If you don't schedule downtime for maintenance yourself, your machine systems will schedule outages FOR YOU ... usually with little to no notice (and often at the Worst Possible Times™).
 
If Jump Shadowing is a Thing (and by Jump Shadowing I mean the planets primary start "getting in the way" of Jump, so that part of the year a planet is in the "shadow" of the star, making routine jump now entail a long trip from around the star, if that is a Thing, then it makes sense to put an XBoat station far from the star. The farther from the star, the less impact of jump shadows.

If not, there's no reason to park the XBoat infrastructure out in the middle of nowhere. "Space is big", there's plenty of room to park it all somewhere near the main population centers, no need to orbit Neptune.

However, if Jump Shadows are a thing, it would likely be better, particularly for more active hubs, to simply have duplicate infrastructure, so there's always a XBoat station "in LOS" of any jump so as to recover and serve the boats more efficiently.

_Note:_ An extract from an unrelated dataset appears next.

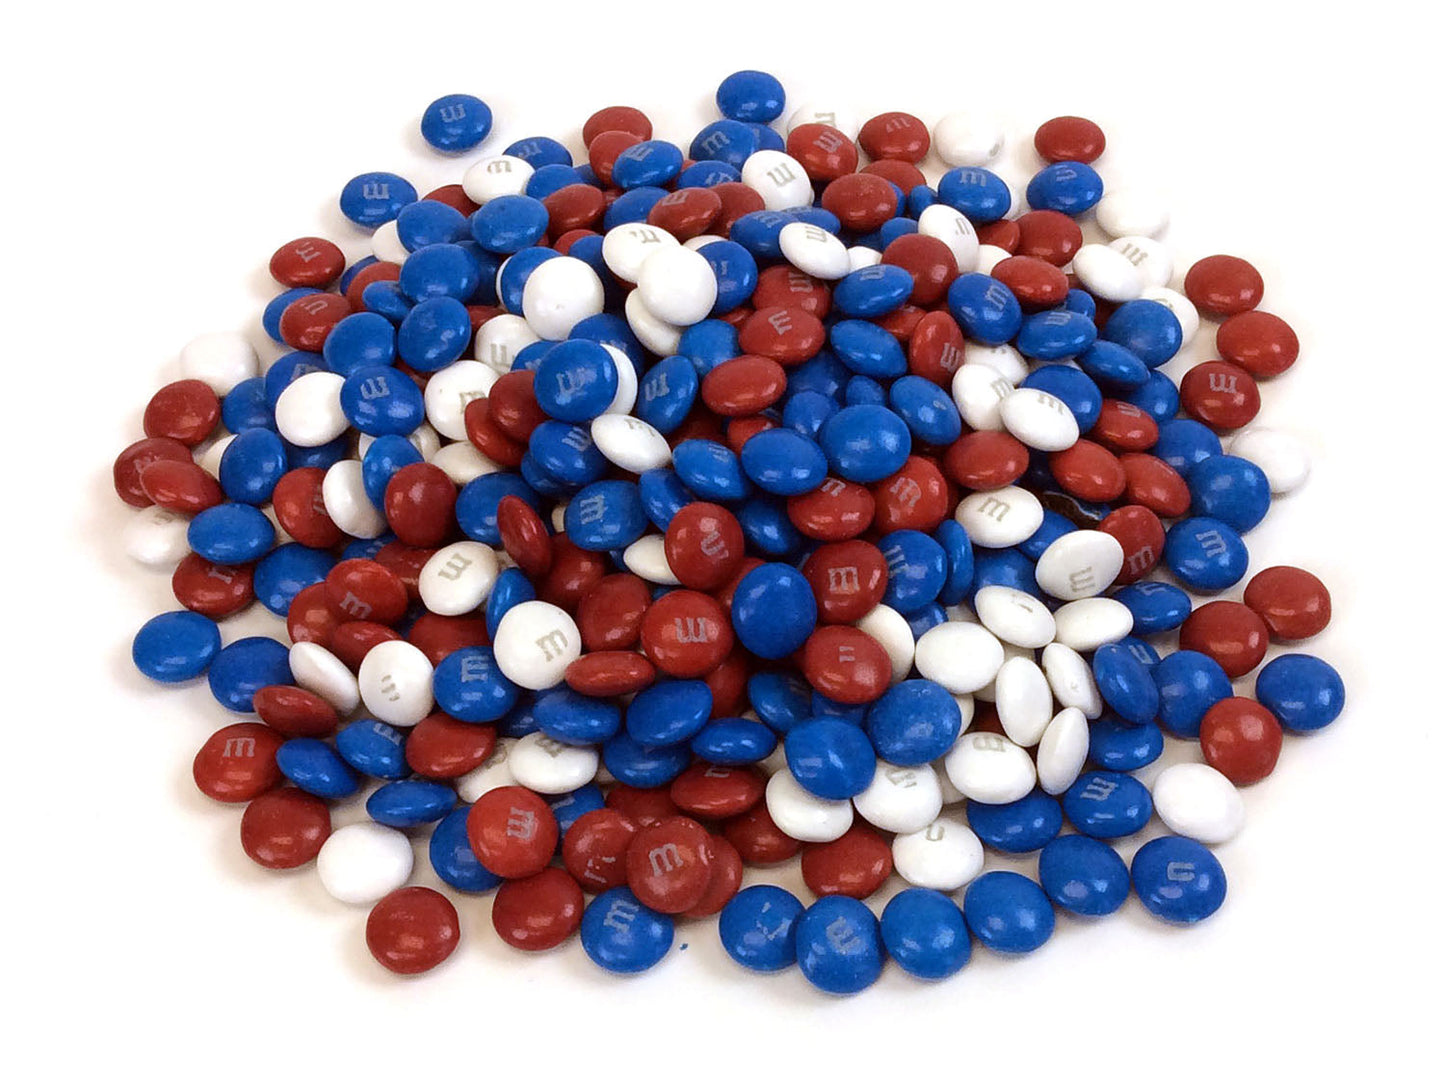 Red, White, and Blue Bulk Candy

As for the scope of the ships involved, that's base purely on how often they fly. Obviously if they jump every 12 hours instead of every 6, that's half the ships needed. I don't think you can efficiently do "pony express" style of simply jumping as soon as they're ready to go (i.e. XBoat arrives, beams messages, ready boat jump within an hour or so of arrival). The Pony Express wasn't really a network. It was just a line. For a line, that works, for a network, not so much.

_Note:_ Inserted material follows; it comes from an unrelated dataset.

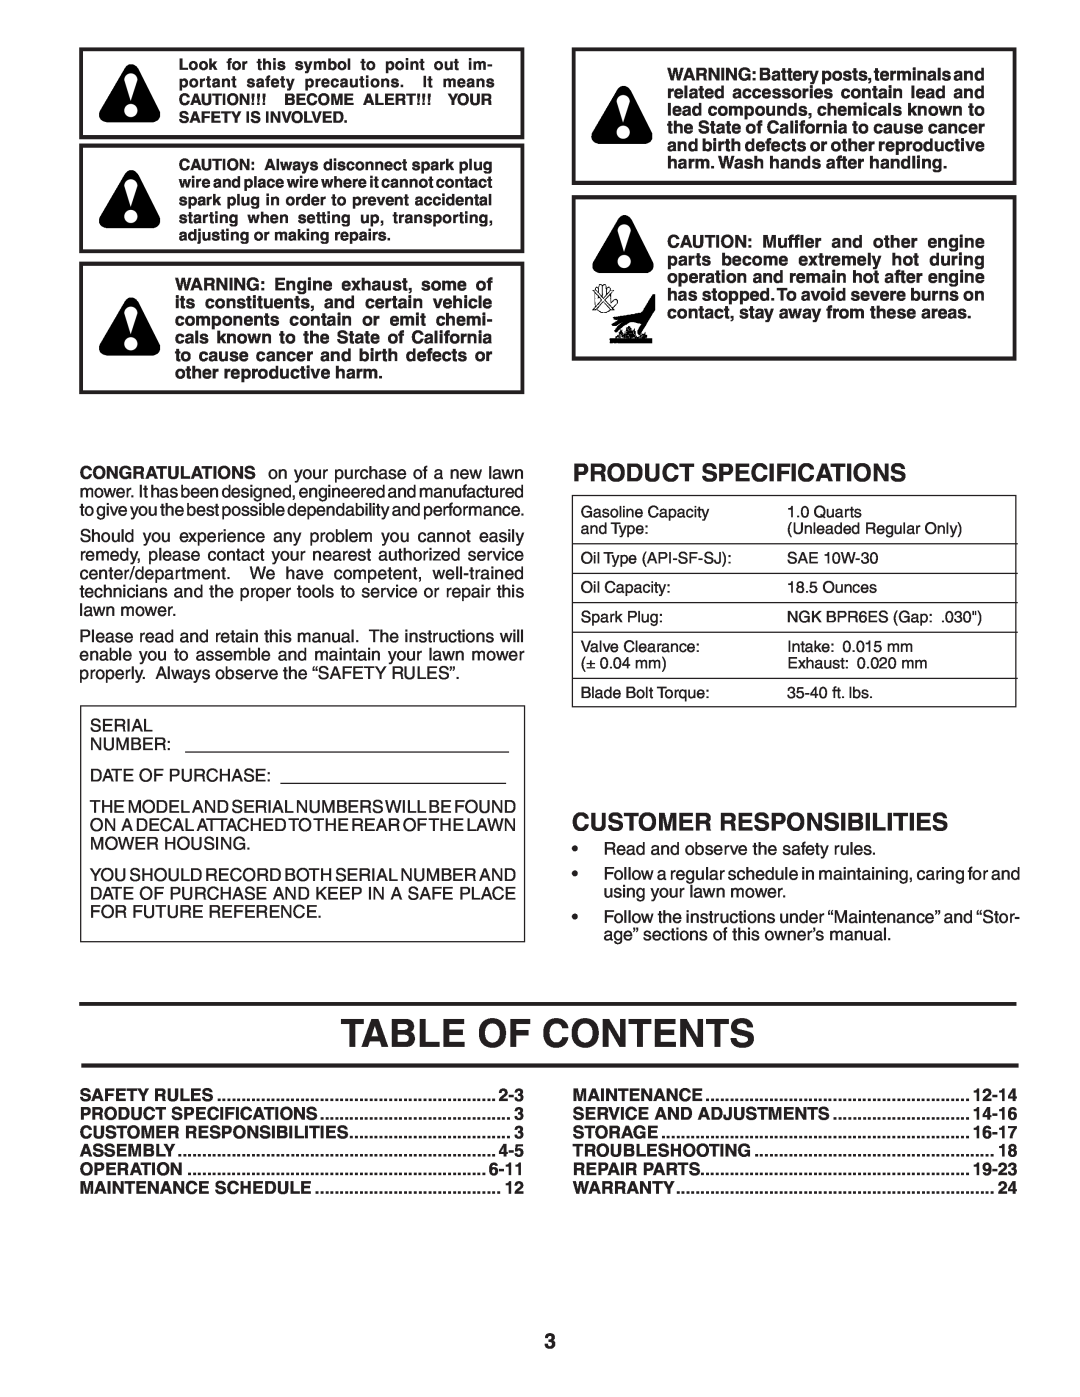 Husqvarna 917.374781 (65RSW21HVB) owner manual Table Of Contents, Product Specifications, Customer Responsibilities

I can't find out how often riders left St Joseph/Sacramento (the respective east/west terminus), I'm guessing one per day

Scheduled jump make far more sense, however often that may be.
 
As for the scope of the ships involved, that's base purely on how often they fly. Obviously if they jump every 12 hours instead of every 6, that's half the ships needed. I don't think you can efficiently do "pony express" style of simply jumping as soon as they're ready to go (i.e. XBoat arrives, beams messages, ready boat jump within an hour or so of arrival). The Pony Express wasn't really a network. It was just a line. For a line, that works, for a network, not so much.
I agree.
The Pony Express works for a LINEAR system with no direct branching.

kMlNjri.gif

As soon as you start getting into NETWORKED operations, where each node on the network needs to forward information to multiple locations (except the point of origin for that information, because it already came from there) ... the transmission behavior stops being "baton handoff" in a straight line and turns into more of a "fission chain reaction" type of behavior.

kYhUAmU.gif

At that point, you can't be thinking in terms of overly simplistic "racetracks" between a mere 2 star systems linking up the chain of the entire Express Network. Instead, each "node" of the Express Network simply forwards data via XBoat Packet Protocol (XPP? :rolleyes:) using whatever XBoats are available after every incoming breakout from jump. This then necessarily means that some "nodes" on the Network will need to dispatch multiple XBoats outbound per each XBoat that arrives inbound ... which then presents a sustainability problem. In order for the Network to remain stable, it needs to balance the number of outbound XBoats to the number of inbound XBoats, otherwise the "stock" of XBoats within any particular star system on the Express Network will (rapidly) deplete their supply of XBoats.